*Data extract:*
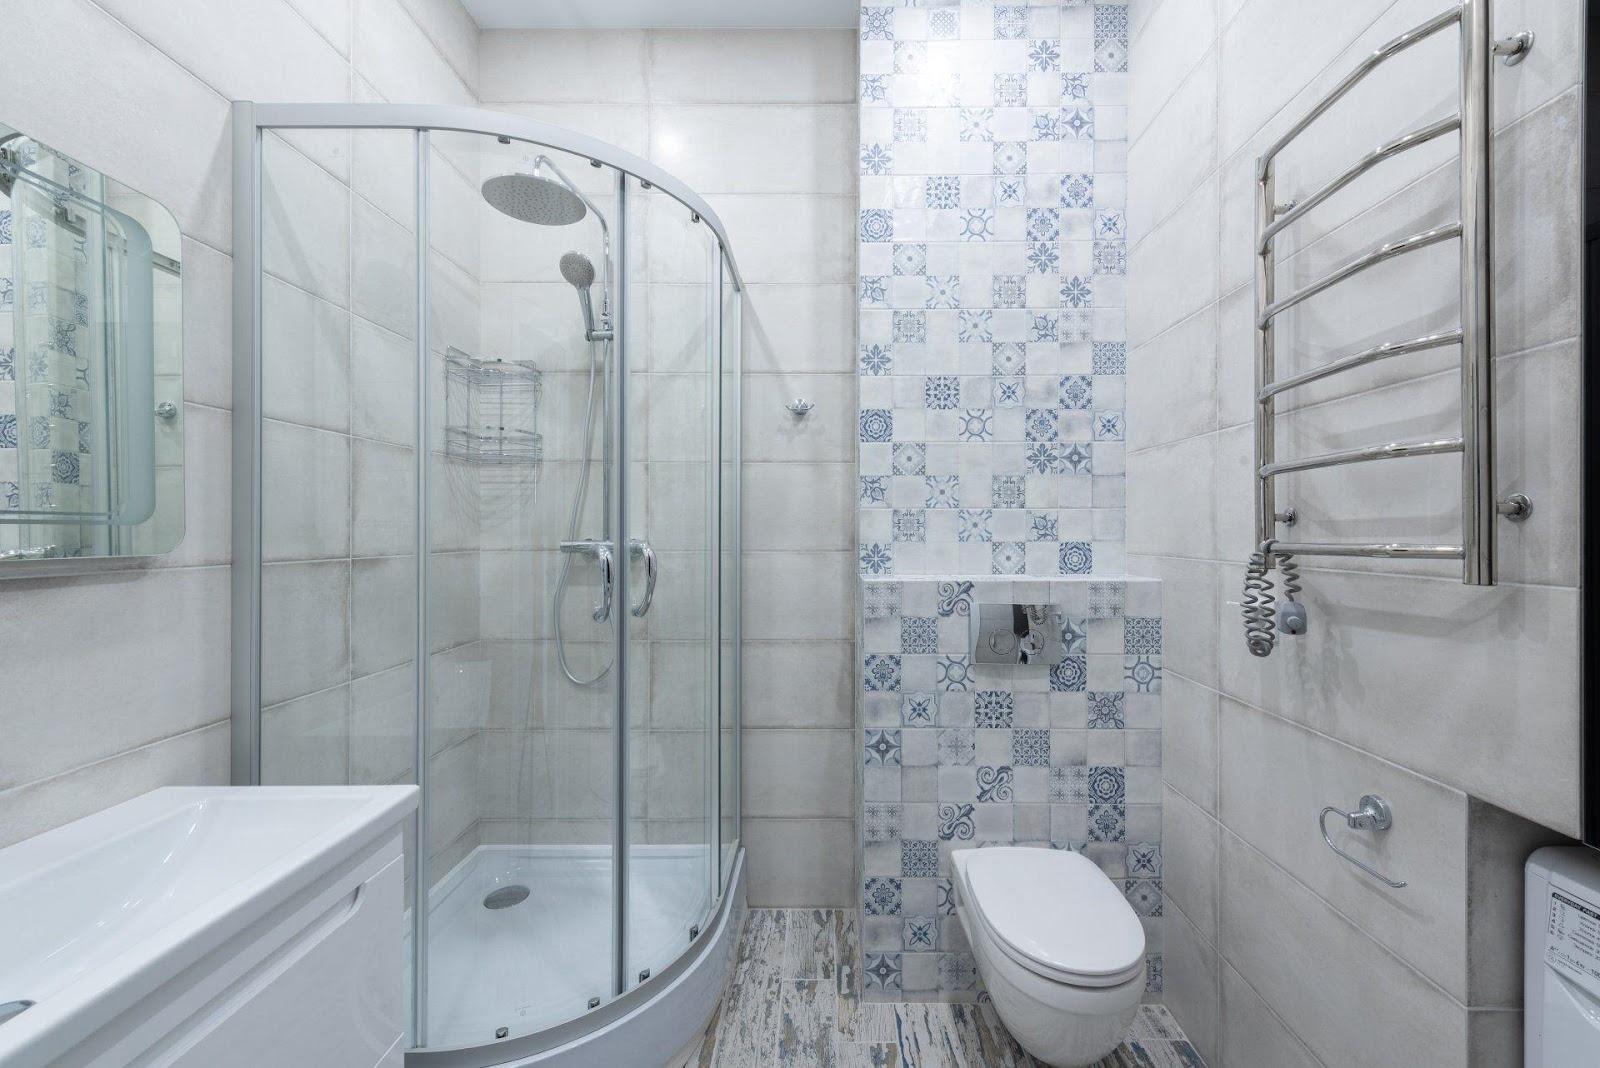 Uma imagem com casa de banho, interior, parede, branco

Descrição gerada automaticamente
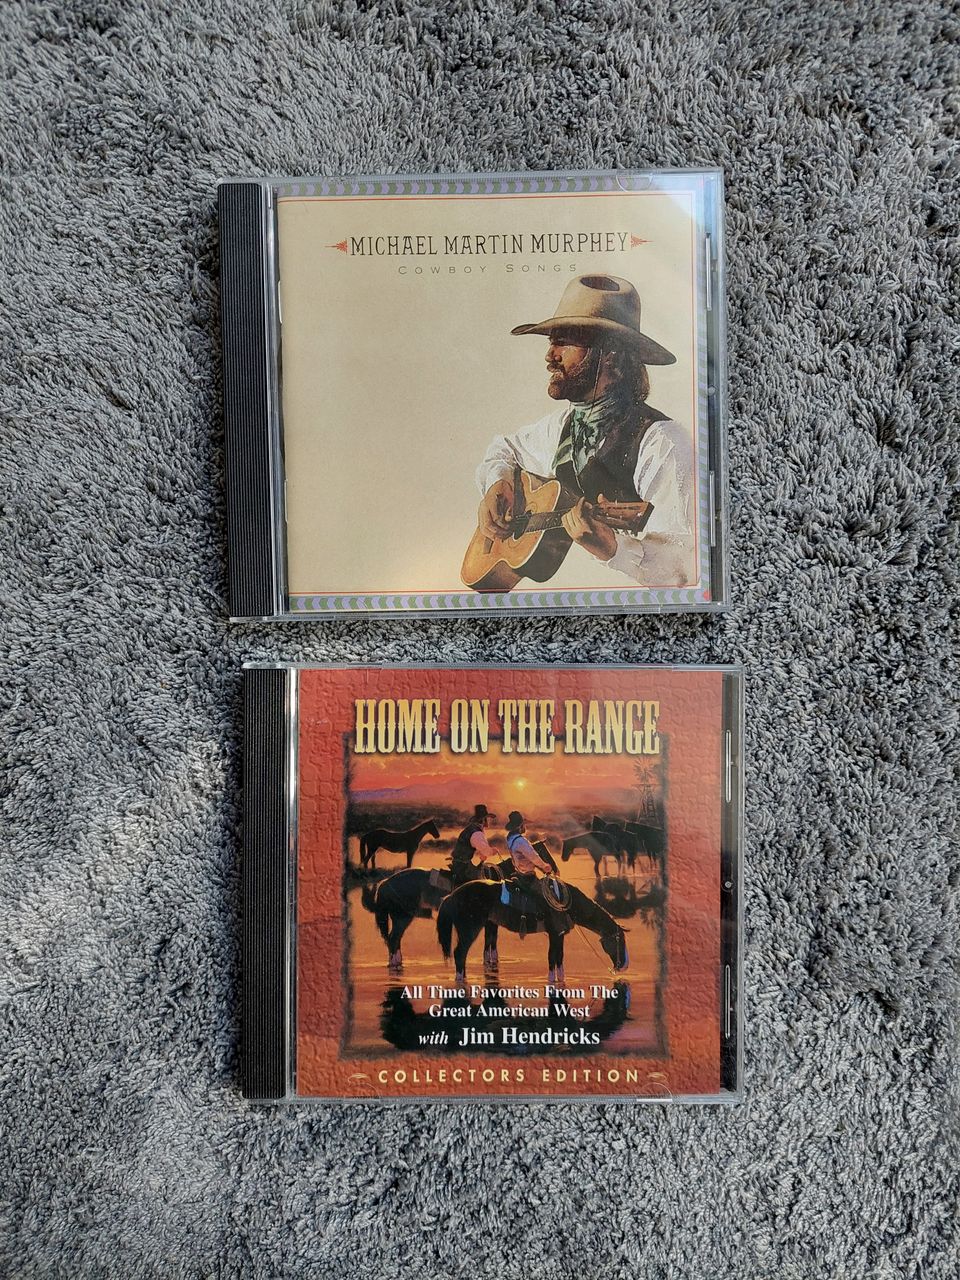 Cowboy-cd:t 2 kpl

*What to work on:* Send back the listing exactly as it stands. Do not include the pictures.

*Worked solution:*
 Uma imagem com casa de banho, interior, parede, branco

Descrição gerada automaticamente
 Cowboy-cd:t 2 kpl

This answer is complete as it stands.